=== Data extract ===
* * * * *
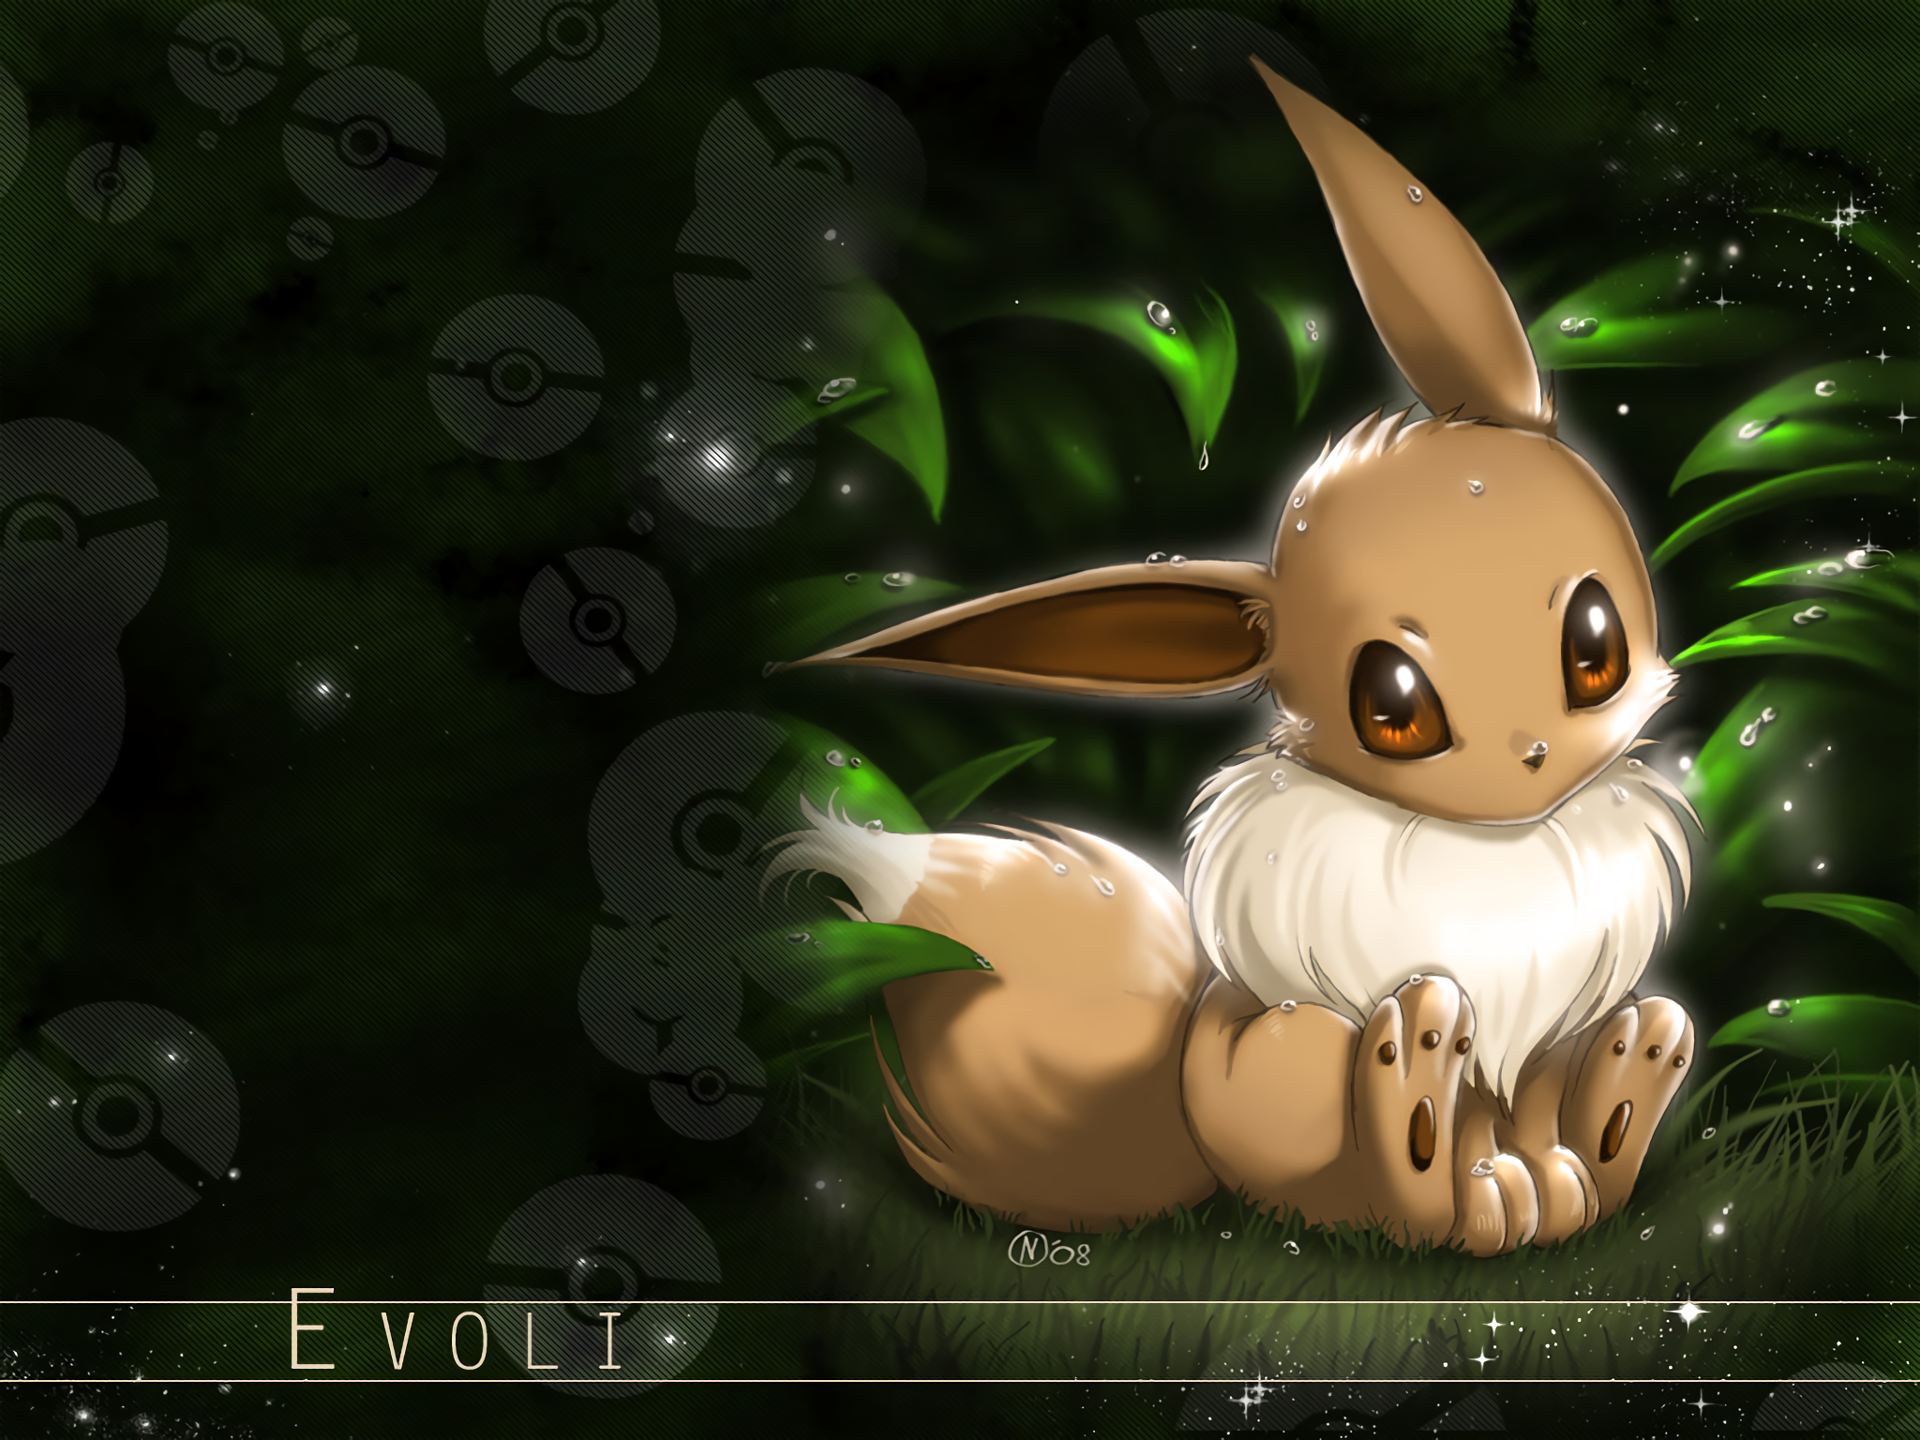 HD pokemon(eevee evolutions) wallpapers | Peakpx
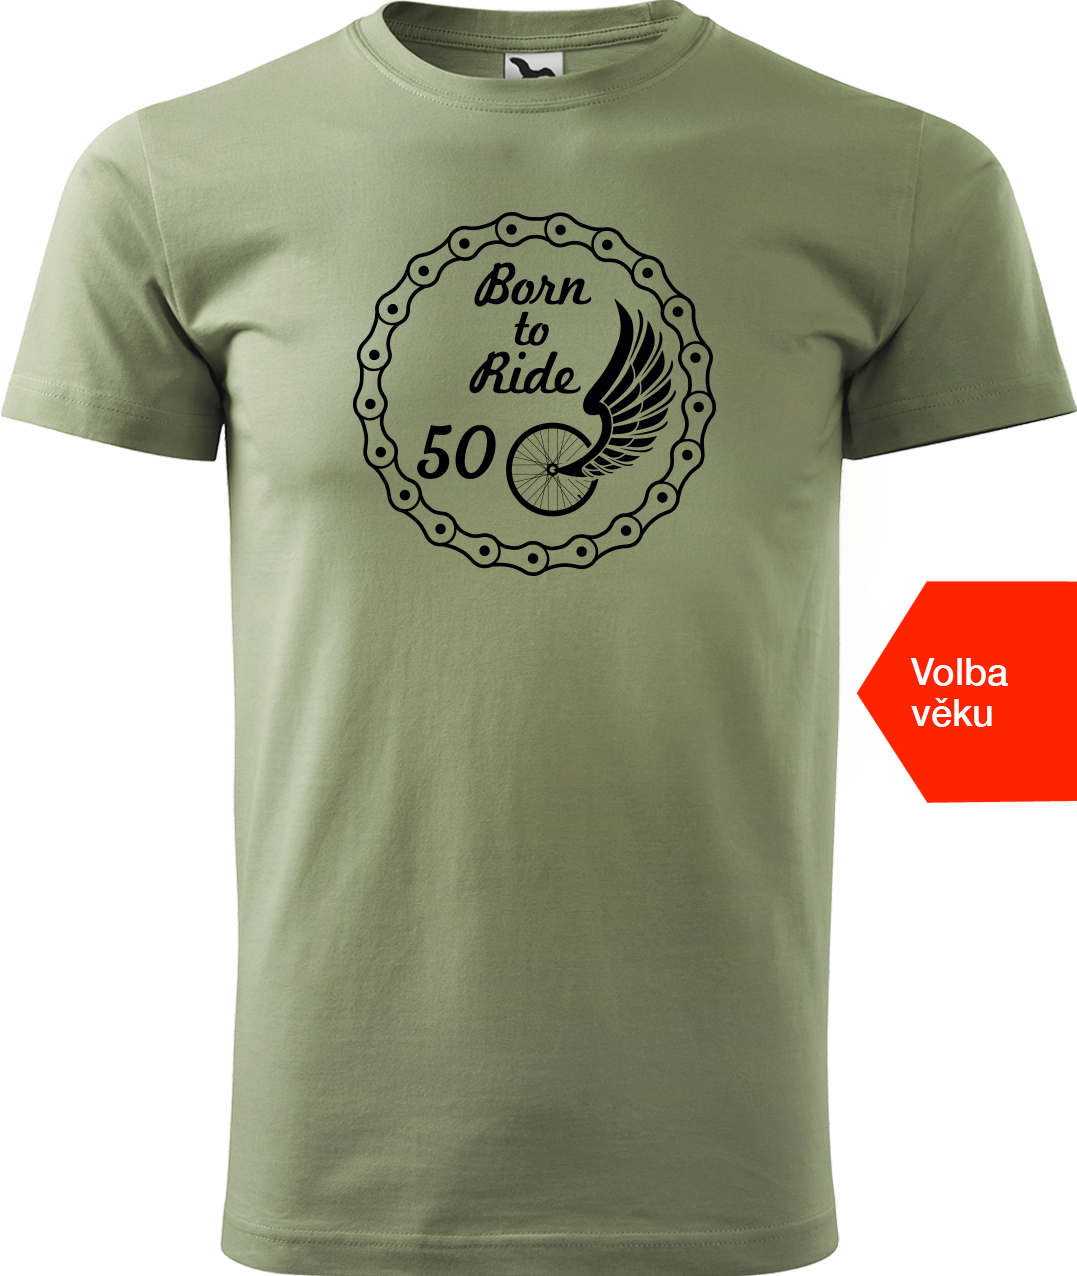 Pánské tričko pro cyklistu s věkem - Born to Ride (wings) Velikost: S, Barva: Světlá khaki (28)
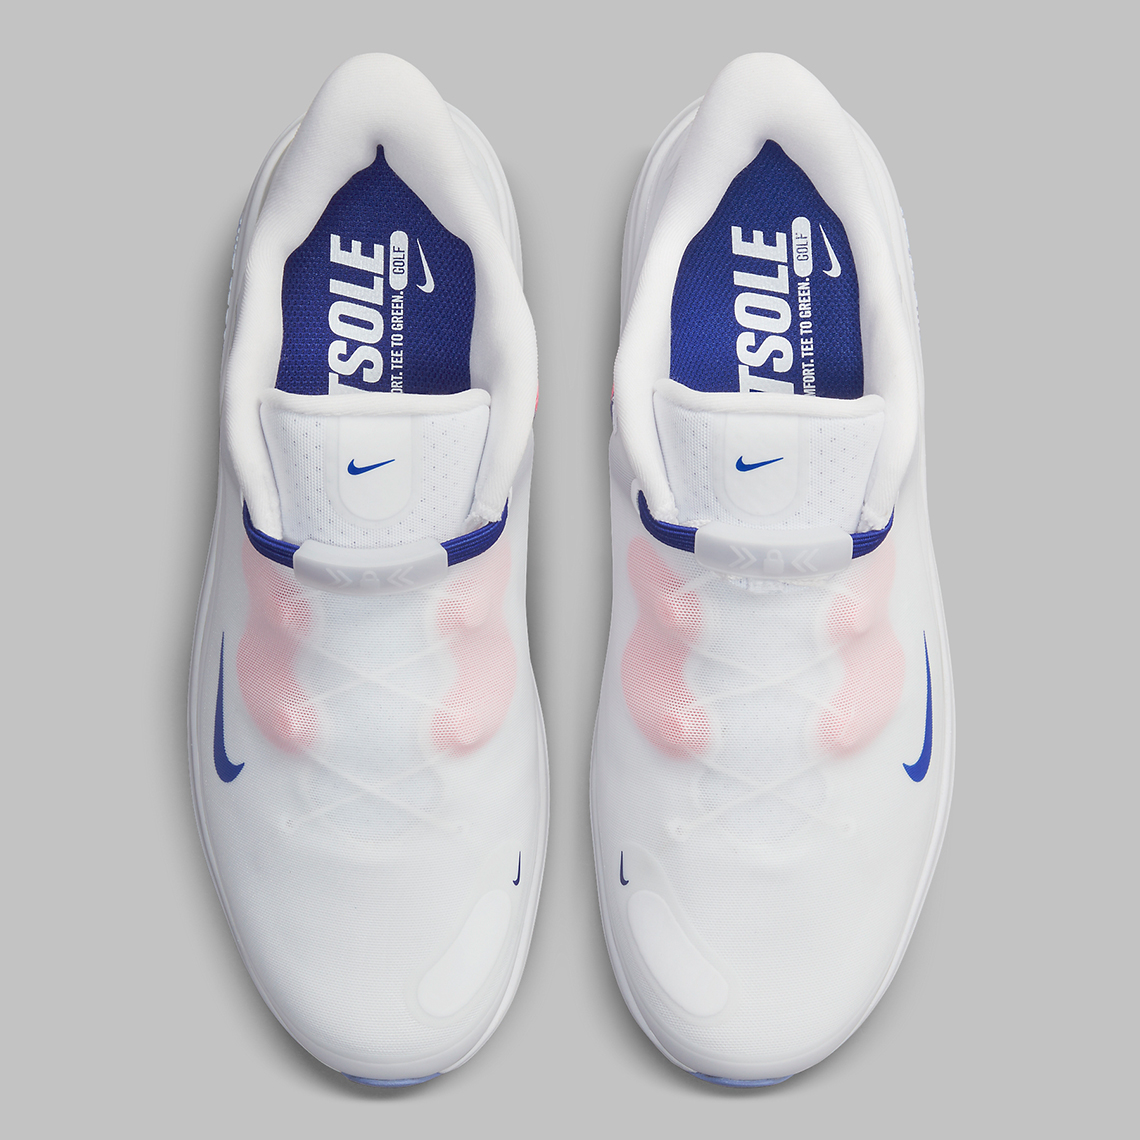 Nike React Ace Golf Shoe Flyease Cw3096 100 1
* * * * *
=== What is needed ===
Output all the data, exactly, without images.

=== Answer box ===
 HD pokemon(eevee evolutions) wallpapers | Peakpx
 Pánské tričko pro cyklistu s věkem - Born to Ride (wings) Velikost: S, Barva: Světlá khaki (28)
 Nike React Ace Golf Shoe Flyease Cw3096 100 1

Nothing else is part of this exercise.